I currently have 6 week old chicks who have free rein in the sheep shed.Their adoptive Brahma mum decided to leave them a few days back.Our house cat was lying amongst them a short while ago......thankfully she is a vole hunter! There is another cat who is semi-feral that lives in there, too, but she is too old to be bothered to try to catch anything.

The third Brahma hen is sitting broody close by the new mum.It seems the sheep shed is currently one huge chicken hut right now.


----------



## Simpleterrier (Jun 10, 2018)

Two of my hens each had ten eggs and 9 out of ten hatched under both so we have 18. We pull chicks as they come out and are fluffy so the hens will sit till all are done hatching. I put ten more eggs under one hen to hatch again and gave all 18 to the other hen to raise. We will see how it goes.
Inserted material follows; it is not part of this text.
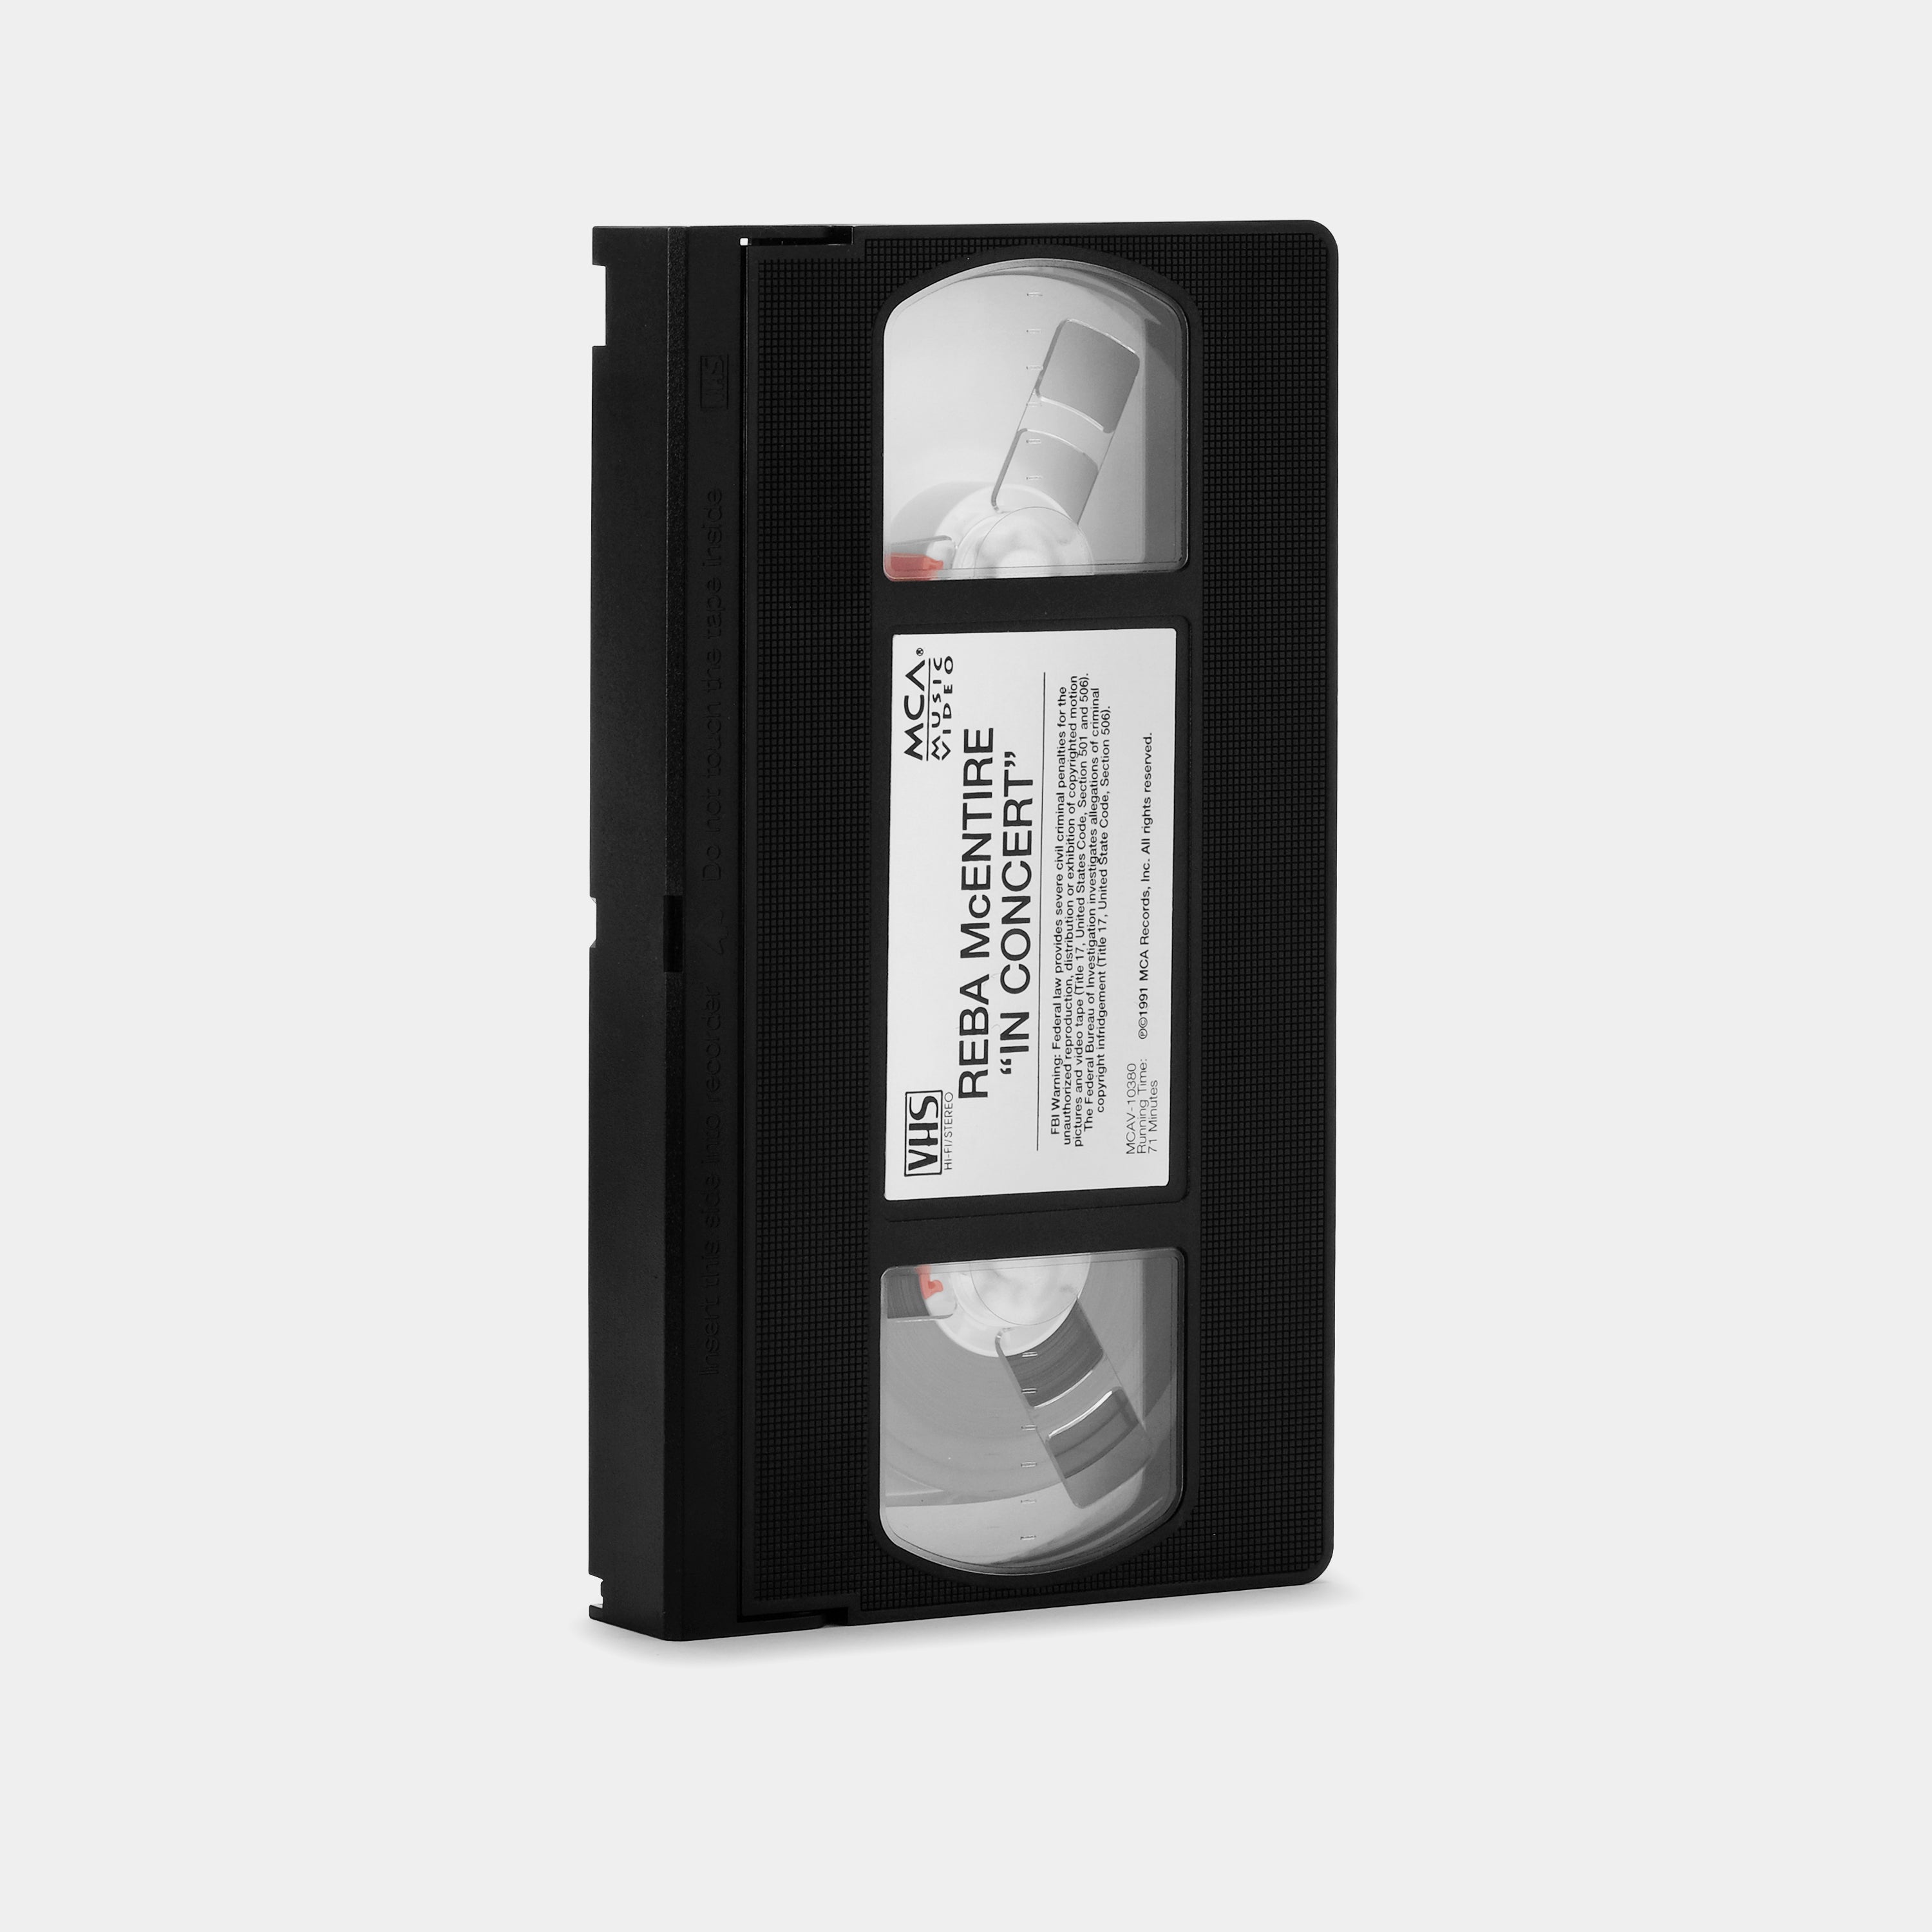 Reba in Concert VHS Tape

I have had five hens hatch 45 chicks so far this year out of 48 eggs


----------



## Sheepshape (Jun 11, 2018)

Simpleterrier said:


> I have had five hens hatch 45 chicks so far this year out of 48 eggs


Sounds like there's a chicken takeover at your place! they're lovely to watch, though, aren't they?


----------



## Mini Horses (Jun 11, 2018)

I have a broody who just won't quit and no eggs under.  Today I picked up 10 BEAUTIFUL pure RIR hens & a roo  (plus a few young chicks with some of the hens).  Next 3 days I will collect their eggs and give my broody something to do!    Love a good broody hen.

Sounds like you have a plan.   Another hatch  & a full nursery.


----------



## Simpleterrier (Jun 11, 2018)

Bird prices around us are insane roosters are selling for 12 to 15 bucks. That's insane so if the hens want to sit and hens want to raise chicks then it could be some extra money. 

And who doesn't like to watch baby chicks with a hen


----------



## Sheepshape (Jun 11, 2018)

Roosters (even pure bred and decent blood line) are often free to good home. Hens fetch around £10 for p.o.l. hybrids and quite a bit more for pure bred.....but chicken is a cheap meat. As I'm veggie my dog does really well for fresh chicken on some hatches.


----------